COLLECTED DATA →
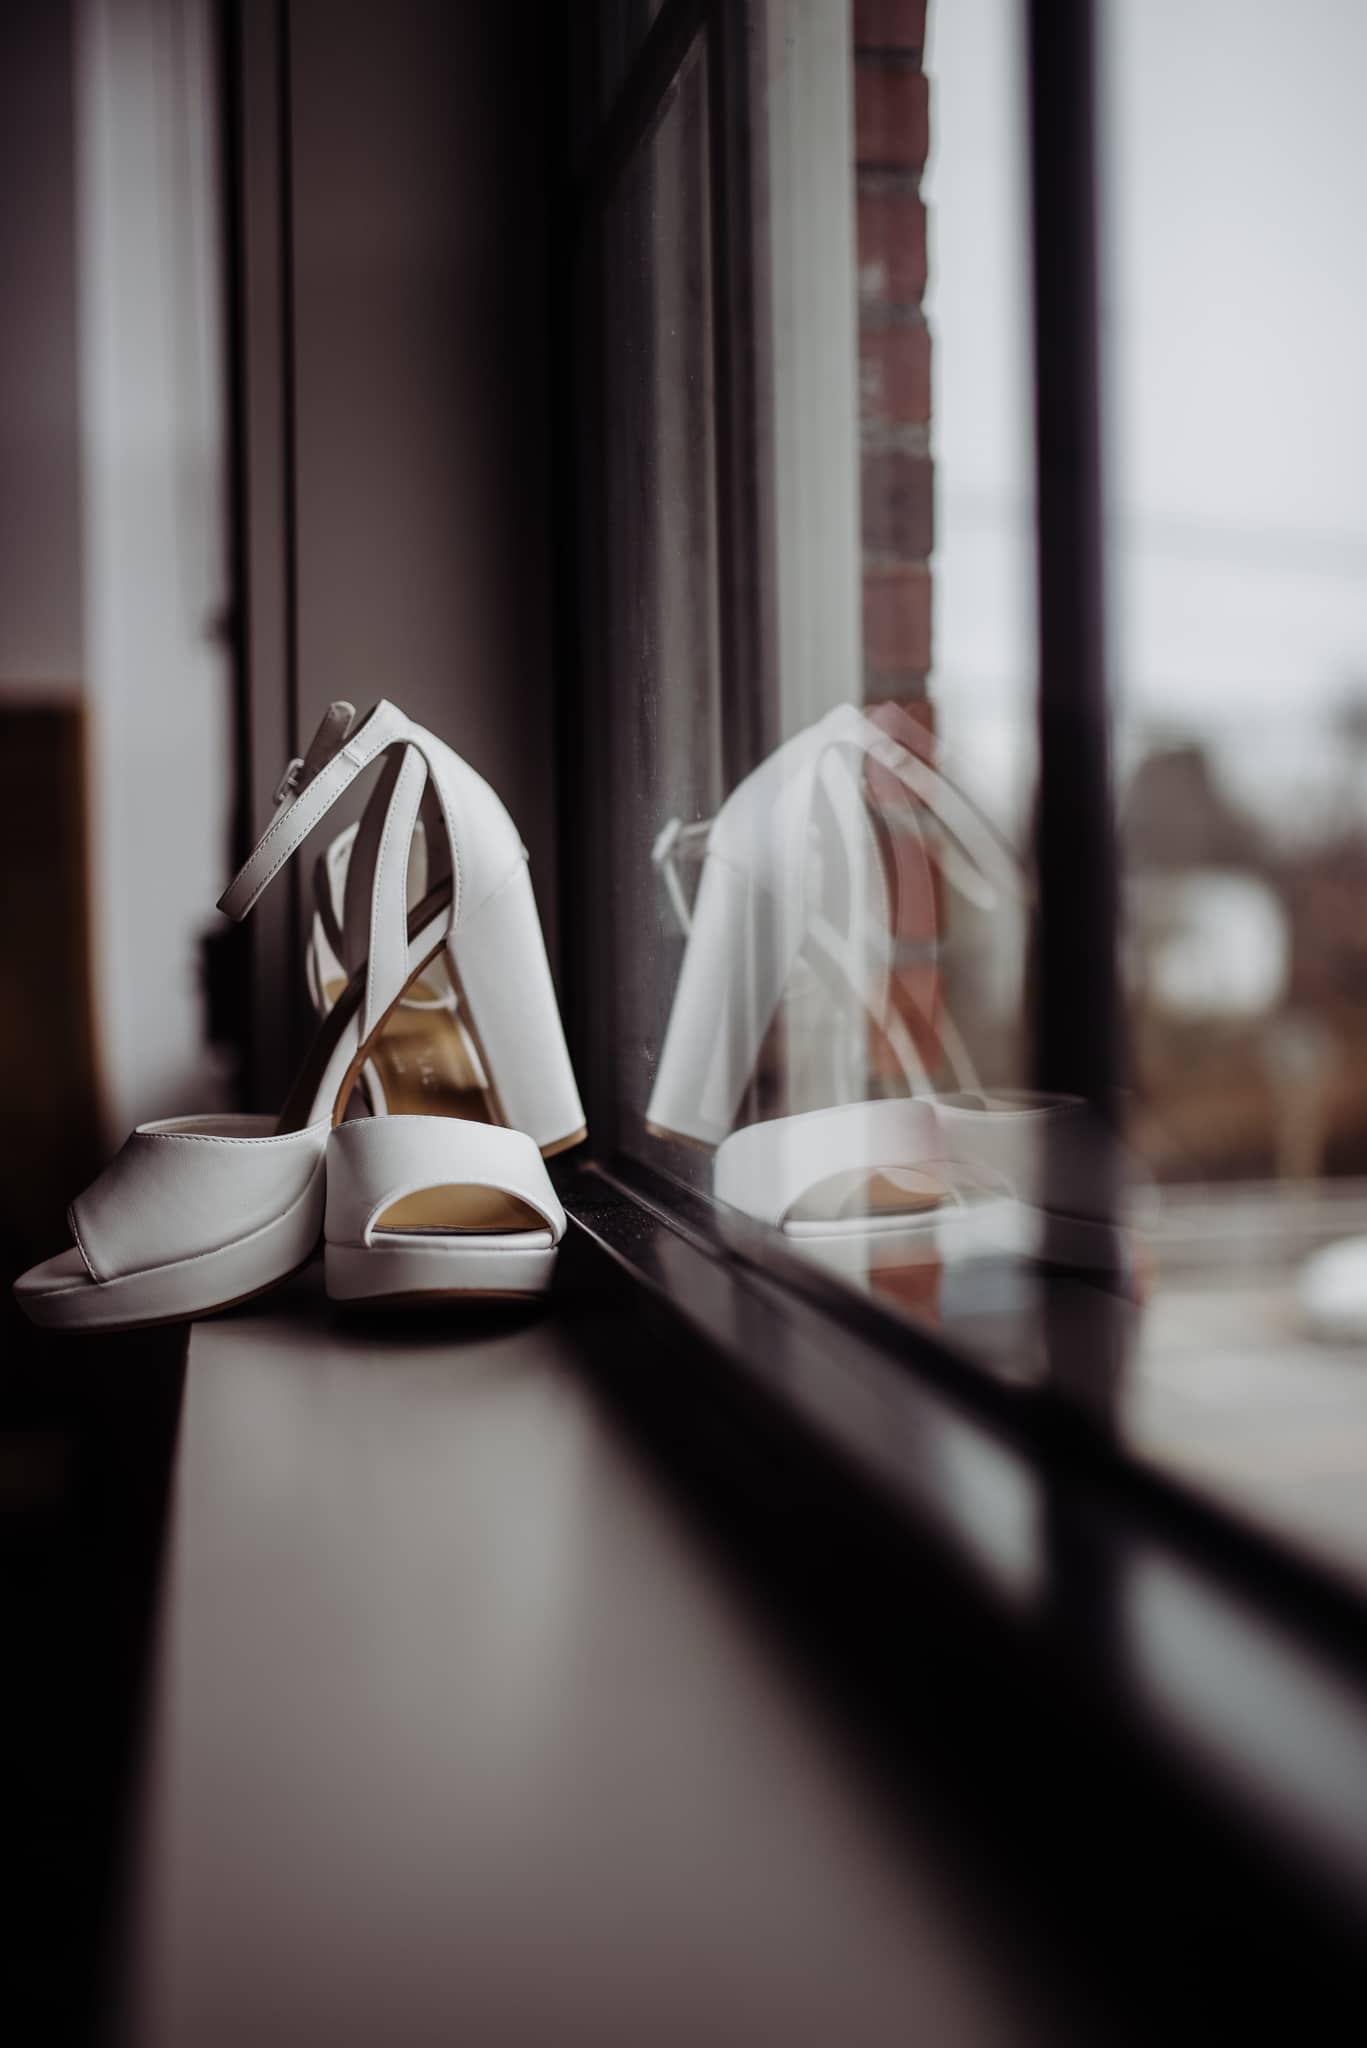 Wedding shoes sitting in window sill
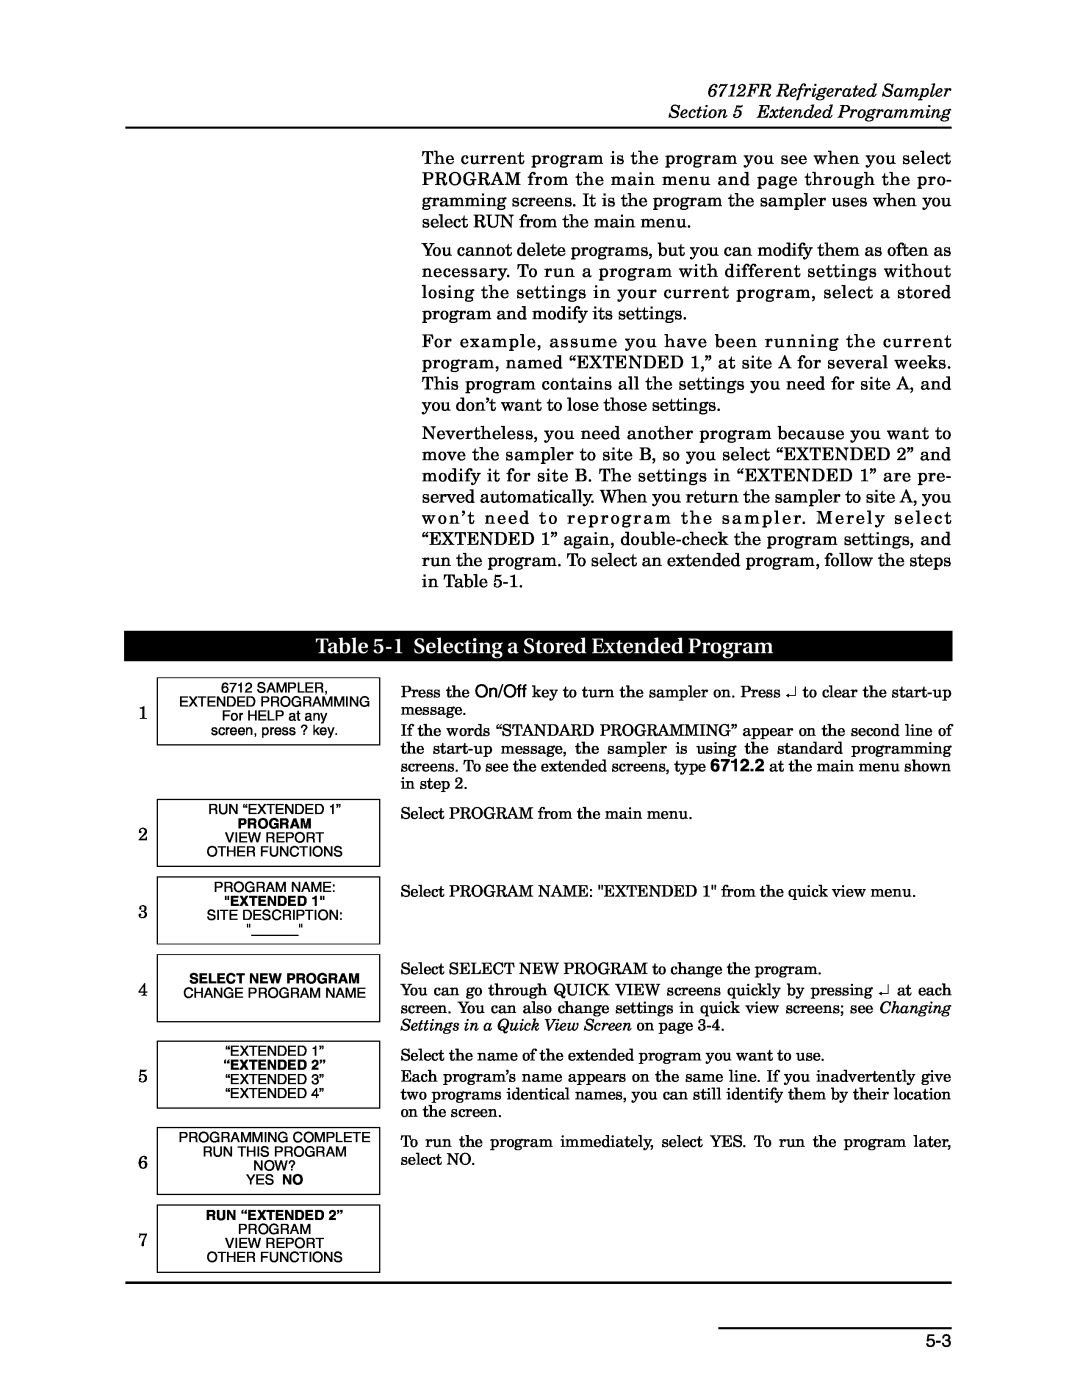 Teledyne manual 1 Selecting a Stored Extended Program, 6712FR Refrigerated Sampler Extended Programming 
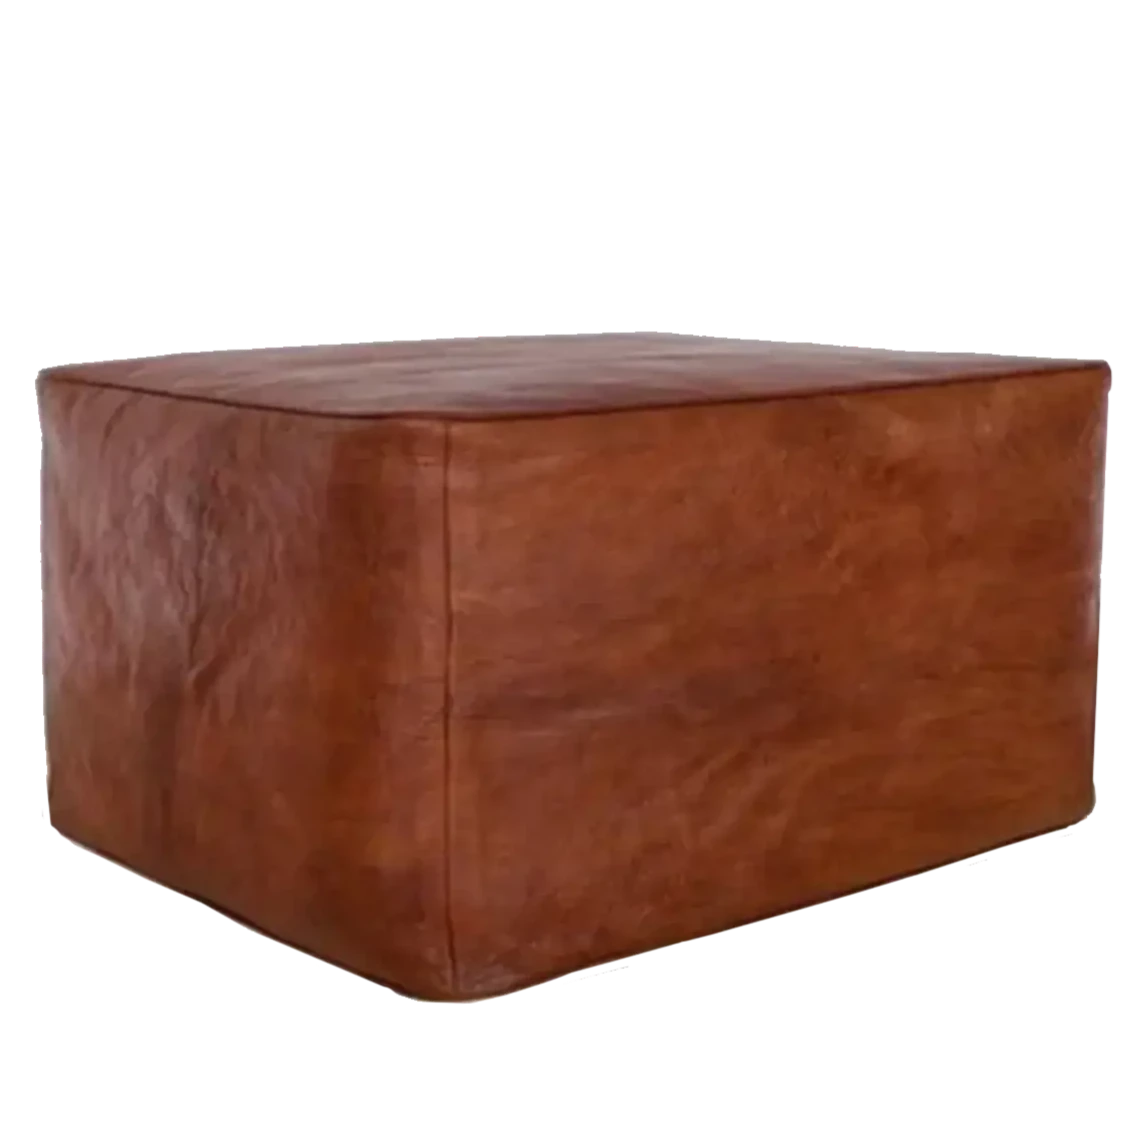 Dounia home pouf  made of Leather, Model: IDRA

INSTRUCTIONS FOR THE TASK → Nothing but the lines from the one with "Teledyne manual 1" through the last line of the material above should appear in the answer, each copied exactly, with no pictures.

TASK RESPONSE →
 Teledyne manual 1 Selecting a Stored Extended Program, 6712FR Refrigerated Sampler Extended Programming 
 Dounia home pouf  made of Leather, Model: IDRA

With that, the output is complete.